What needs to be done: The whole listing below must be printed again exactly, images excluded.

======== Provided material ========

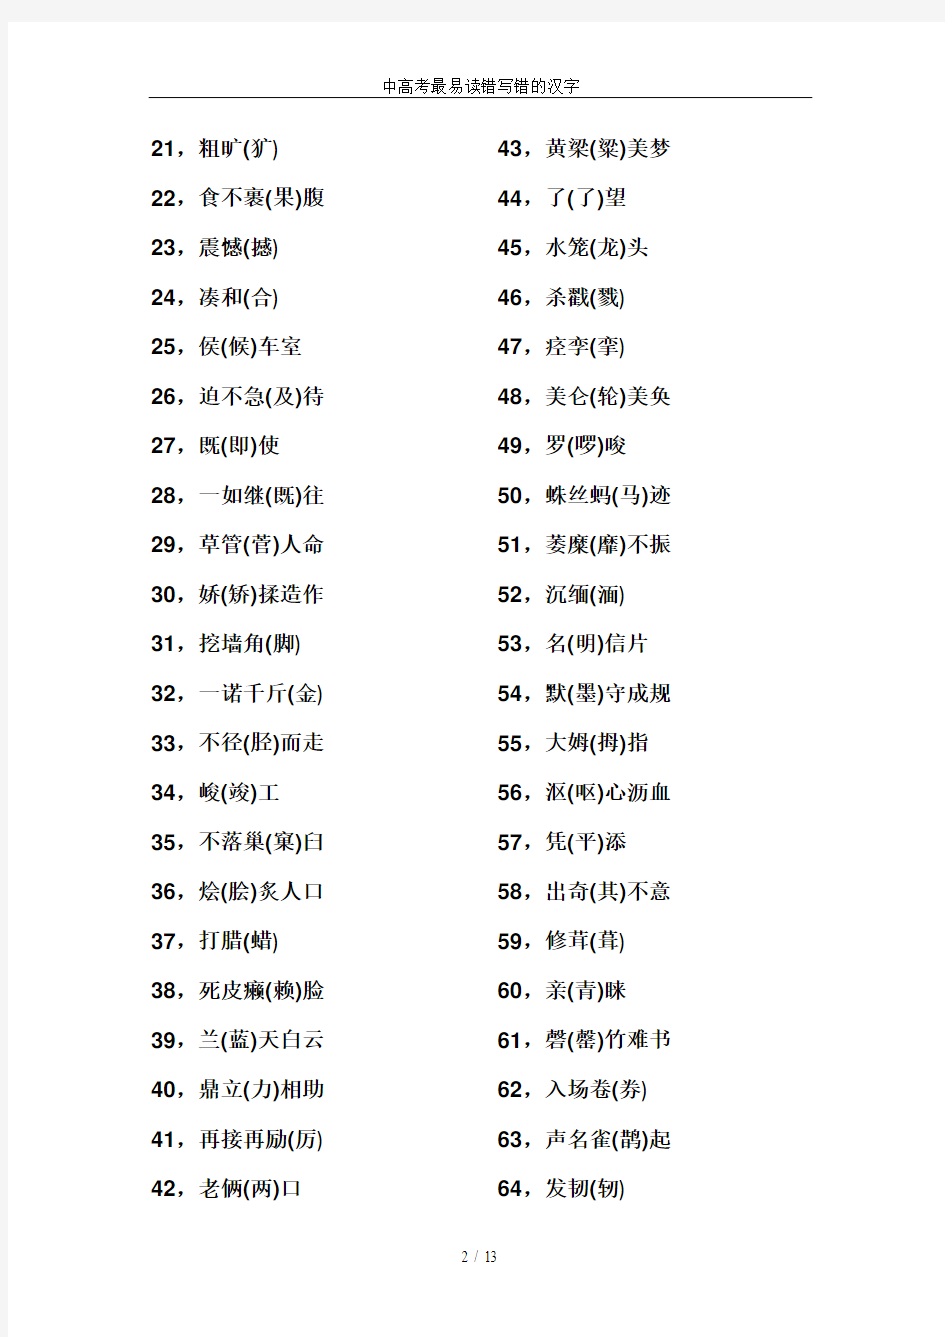 中高考最易读错写错的汉字
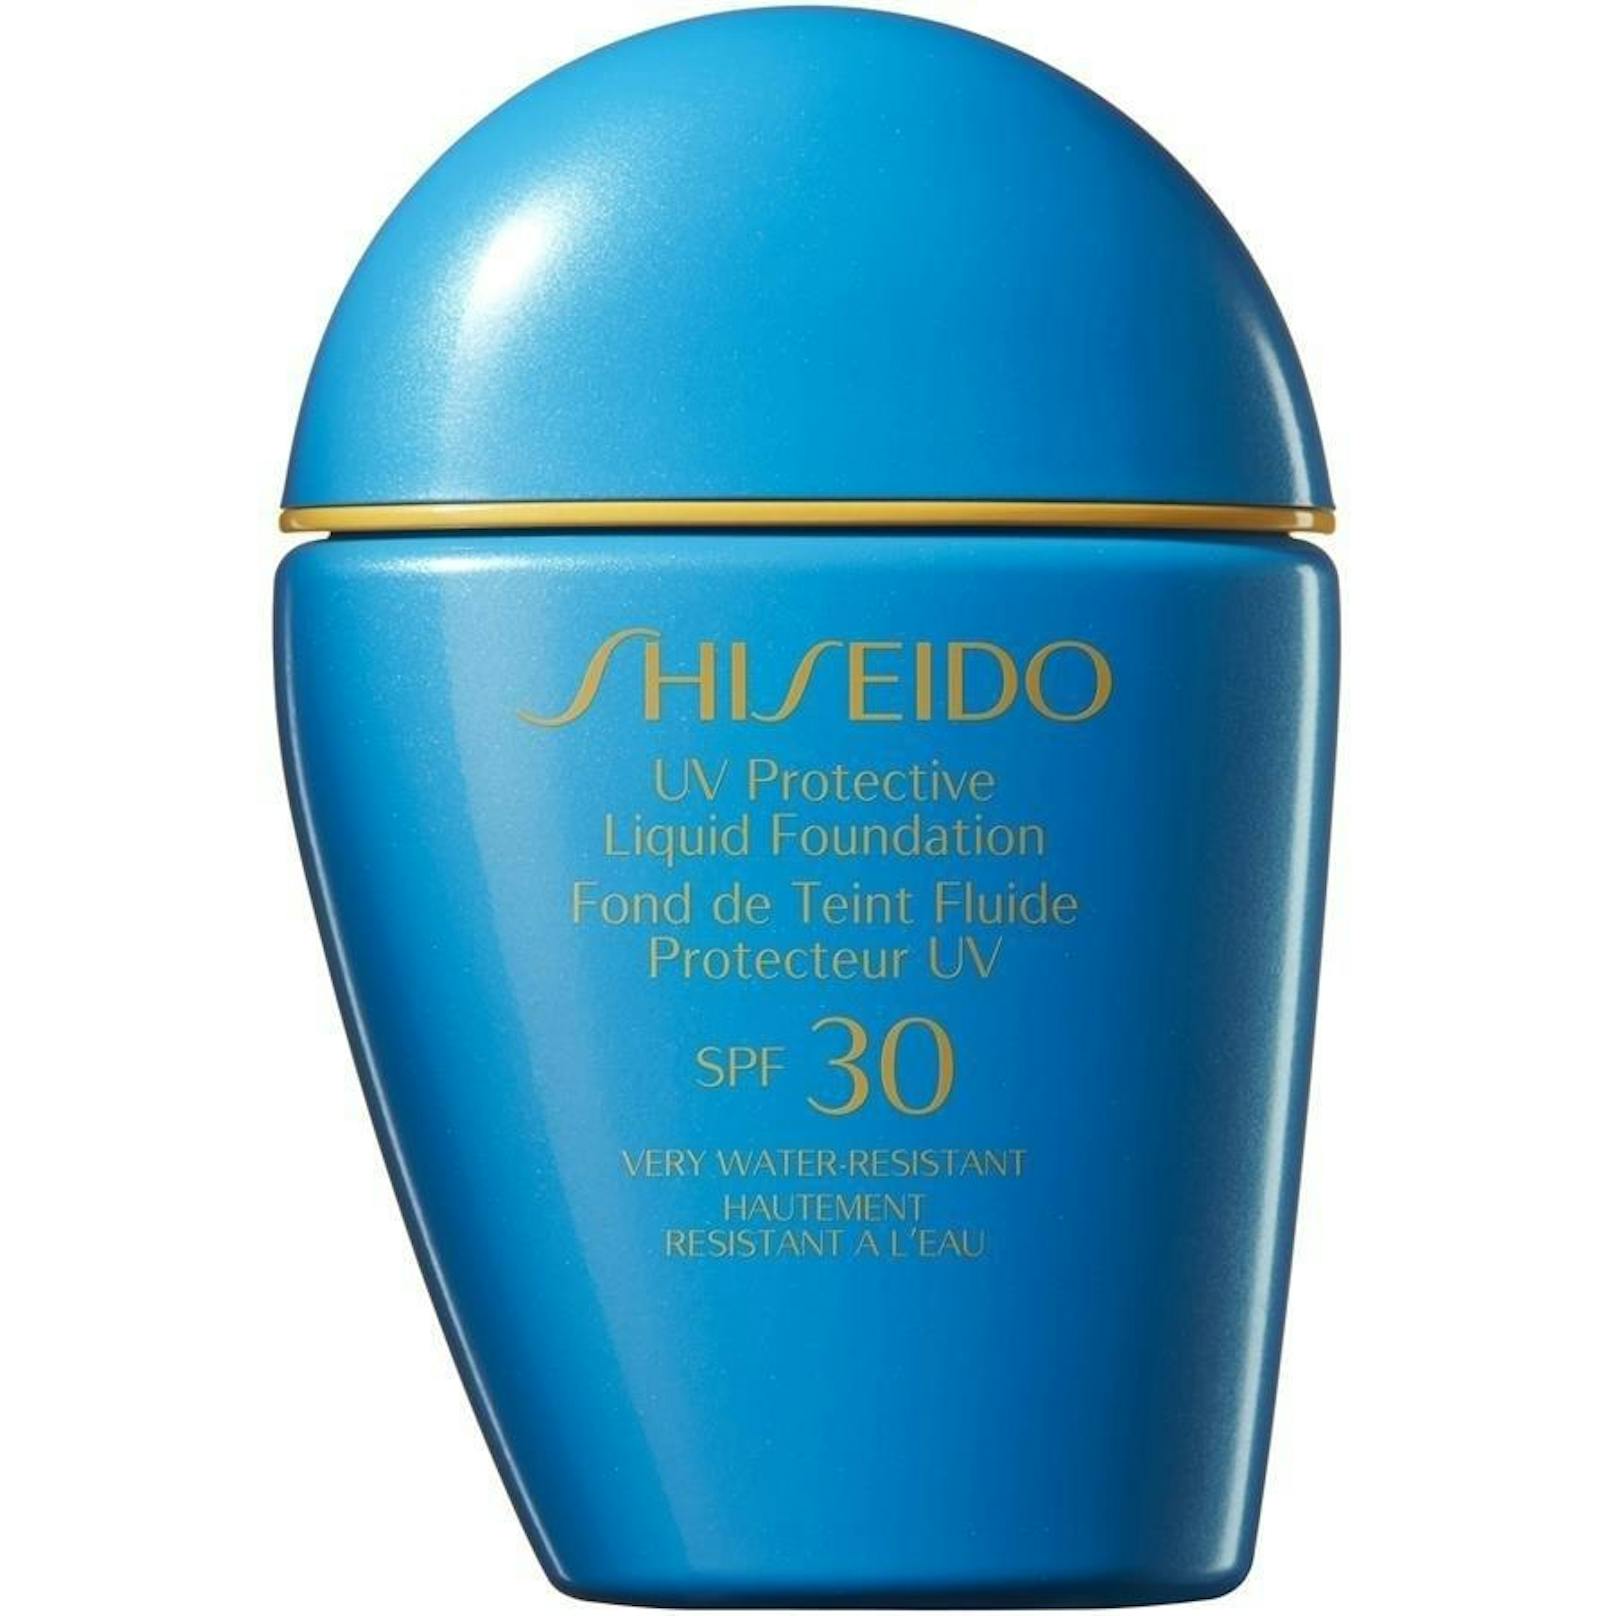 <b>Full Coverage Make-up: Suncare UV Protective Liquid Foundation von Shiseido um 39,99 Euro</b>
Die pflegende, wasserfeste Flüssig-Foundation mit LSF 30 schenkt der Haut ein makelloses, schimmerndes Finish. Sie ist äußerst resistent gegen Schweiß, Wasser und Sebum, abriebfest und wirkt über Stunden frisch und farbecht.
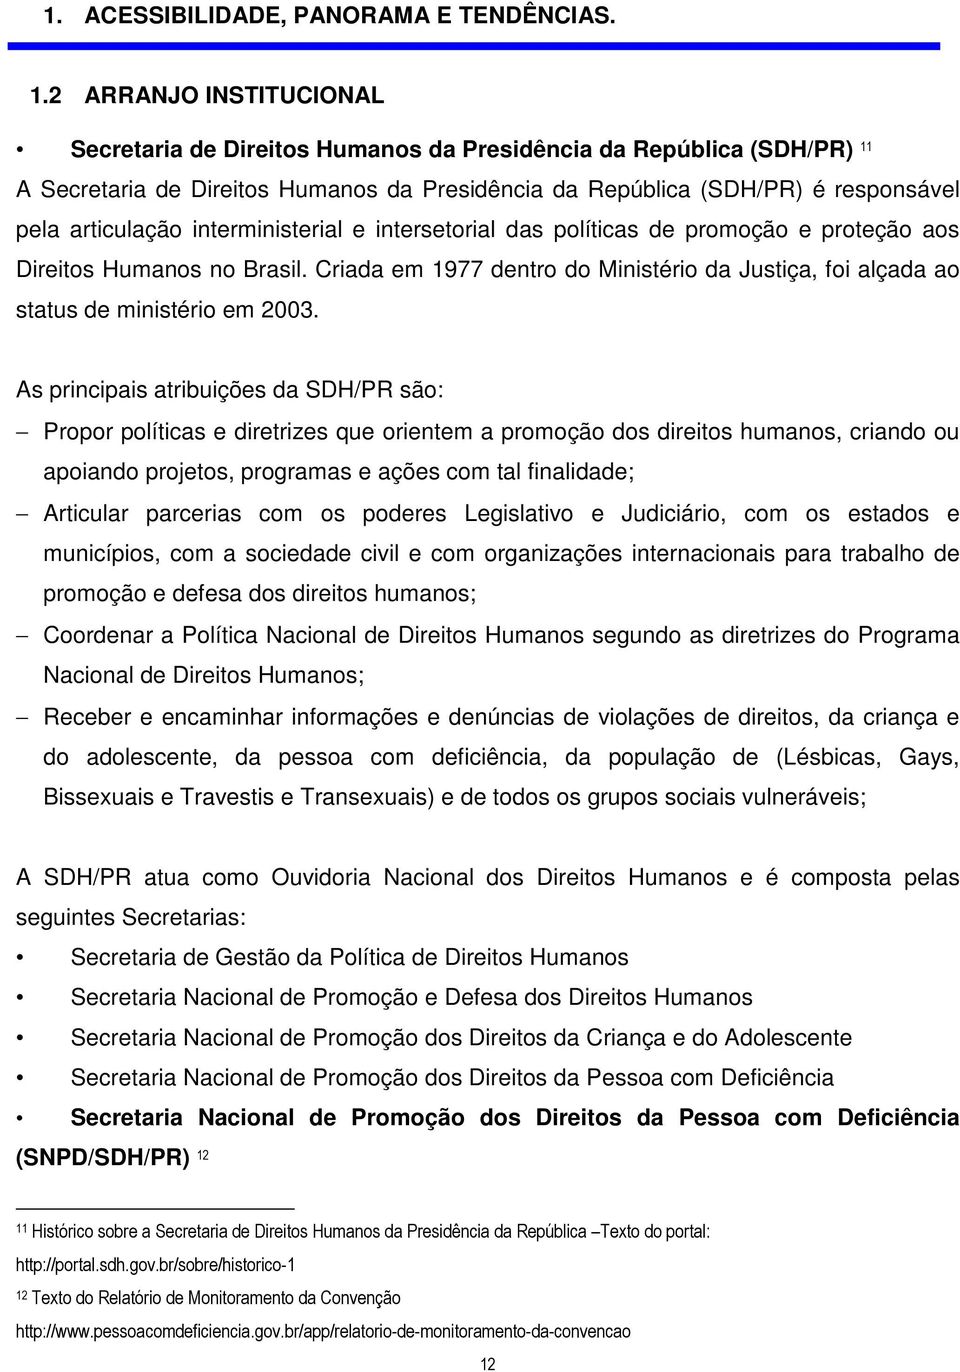 interministerial e intersetorial das políticas de promoção e proteção aos Direitos Humanos no Brasil. Criada em 1977 dentro do Ministério da Justiça, foi alçada ao status de ministério em 2003.

========

Expected answer:
 中高考最易读错写错的汉字
 <b>Full Coverage Make-up: Suncare UV Protective Liquid Foundation von Shiseido um 39,99 Euro</b>
Die pflegende, wasserfeste Flüssig-Foundation mit LSF 30 schenkt der Haut ein makelloses, schimmerndes Finish. Sie ist äußerst resistent gegen Schweiß, Wasser und Sebum, abriebfest und wirkt über Stunden frisch und farbecht.
 interministerial e intersetorial das políticas de promoção e proteção aos Direitos Humanos no Brasil. Criada em 1977 dentro do Ministério da Justiça, foi alçada ao status de ministério em 2003.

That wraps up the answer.